The bisector of a triangle is 96 cm, the median perpendicular to it is 96. Find the sides of the triangle.

AR = CM = 96 cm.

The ACM triangle is isosceles, since AO is its height and bisector, then AC = AM, CO = OM = 96/2 = 48 cm.
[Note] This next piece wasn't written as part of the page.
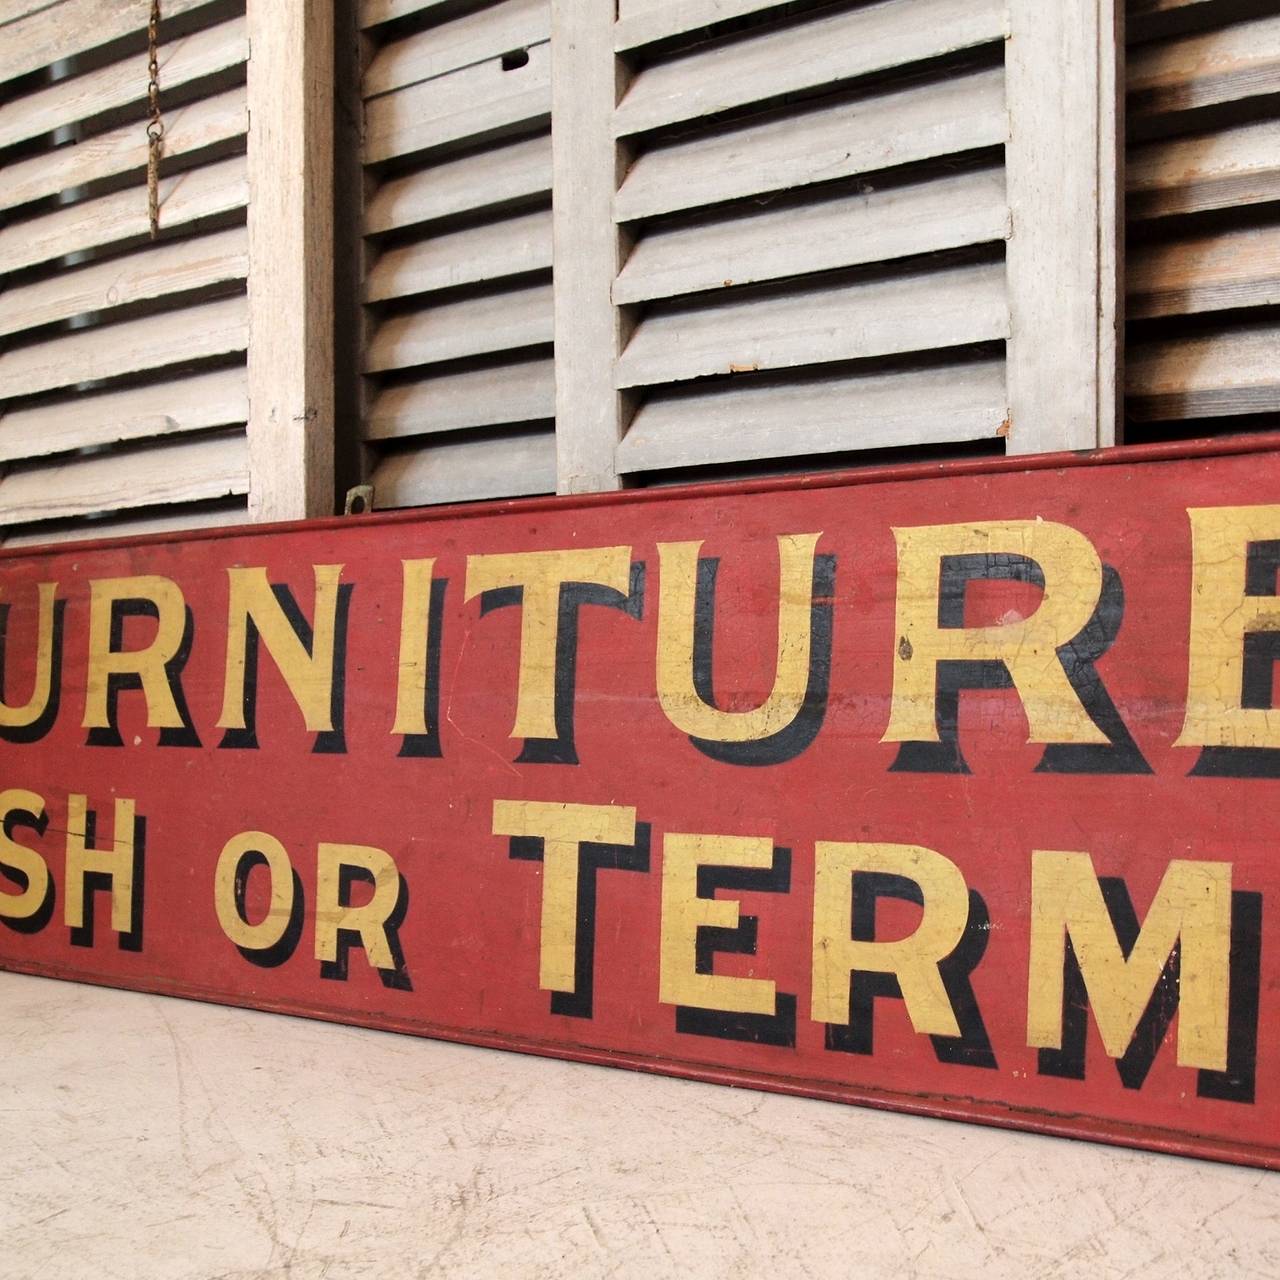 Both sides of the sign read the same 'FURNITURE - CASH OR TERMS' in hand-painted shadowed lettering.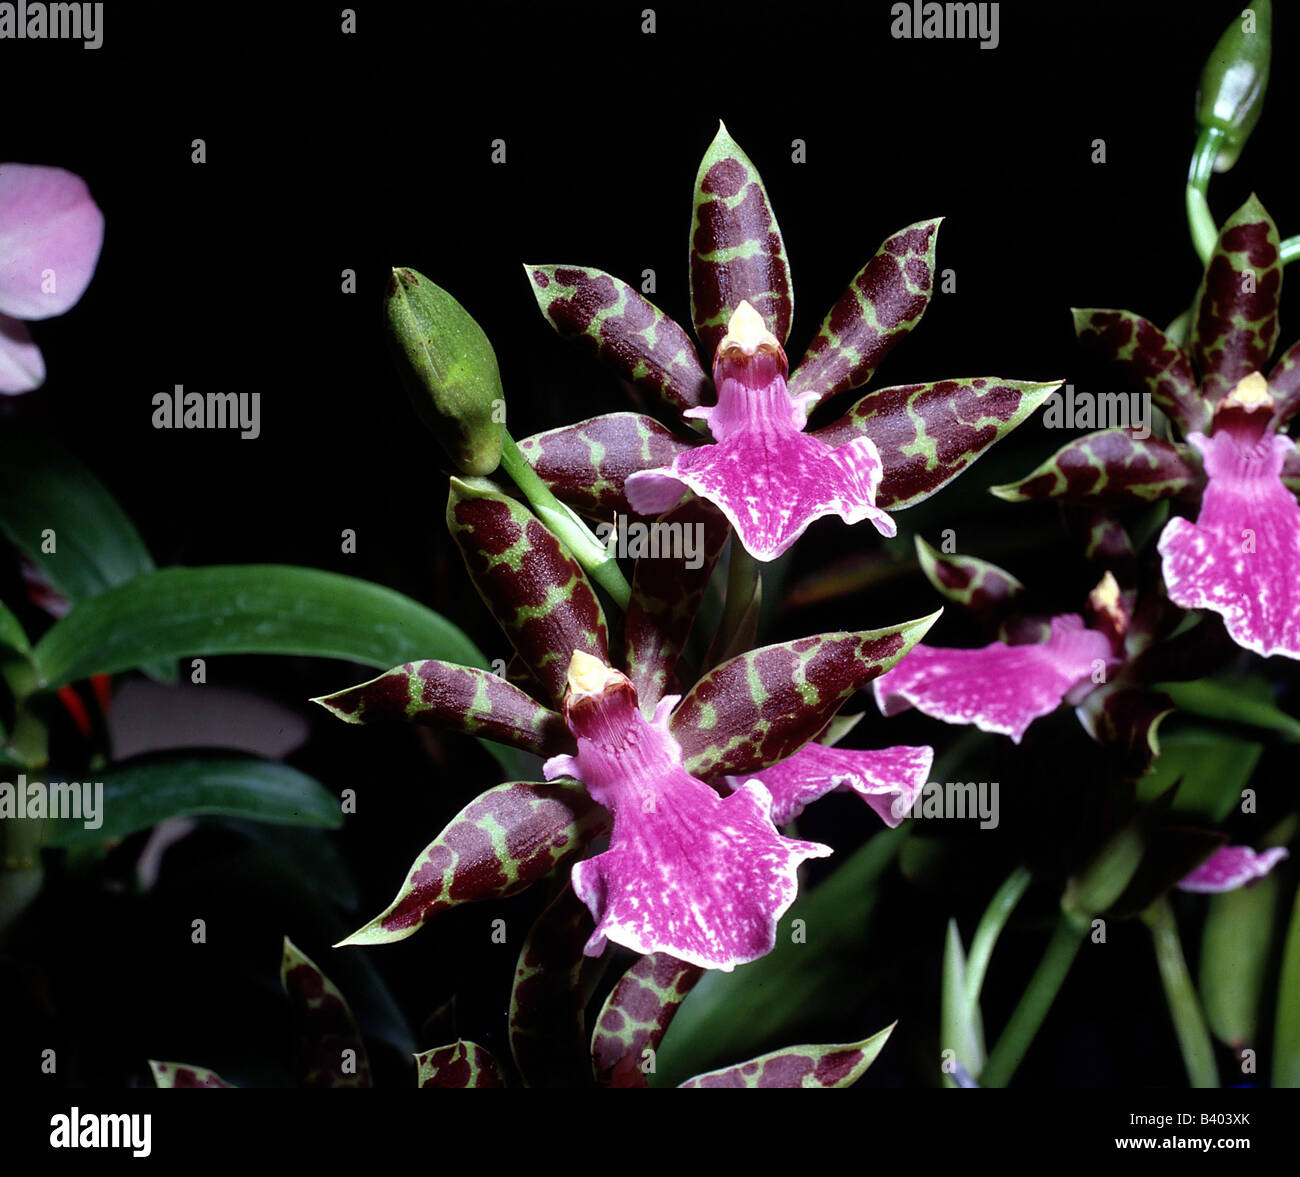 botany, Oncidium, Oncidium, blossoms, dotted, speckled, spotted, stamen, red, blooming, flowering, orchid, blossom, Liliidae, Or Stock Photo

Let AC = X cm, then AM = BM = X cm, AB = 2 * X cm.

AR is a bisector, then, by its property, AC / CP = AB / PB.

X / CP = 2 * X / BP.

BP = 2 * CP.

The area of ​​the AMC triangle is equal to: Sams = CM * AO / 2 = 96 * AO / 2 = 48 * AO cm2.

The PM segment is the median of the ABP triangle, then Sarm = Svrm = AR * OM / 2 = 96 * 48/2 = 2304 cm2.

The area of ​​the triangle ABC is equal to: Savs = Sarv + Sars = 2 * Sarm + Sarm = 2 * 2304 + 2304 = 6912 cm2.

Sams = Saavs / 2 = 3456 cm2.

48 * AO = 3456.

AO = 3456/48 = 72 cm, then RR = 96 – 72 = 24 cm.

In a right-angled triangle AOC, AC ^ 2 = AO ^ 2 + OC ^ 2 = 5184 + 2304 = 7488.

AC = 24 * √13 cm.

AB = 2 * AC = 48 * √13 cm.

From a right-angled triangle COP, CP ^ 2 = CO ^ 2 + OP ^ 2 = 2304 + 576 = 2880.

СР = 24 * √5 cm, then ВР = 48 * √5 cm, and ВС = 72 * √5 cm.

Answer: The sides of the triangle are 24 * √13 cm, 48 * √13 cm, 72 * √5 cm.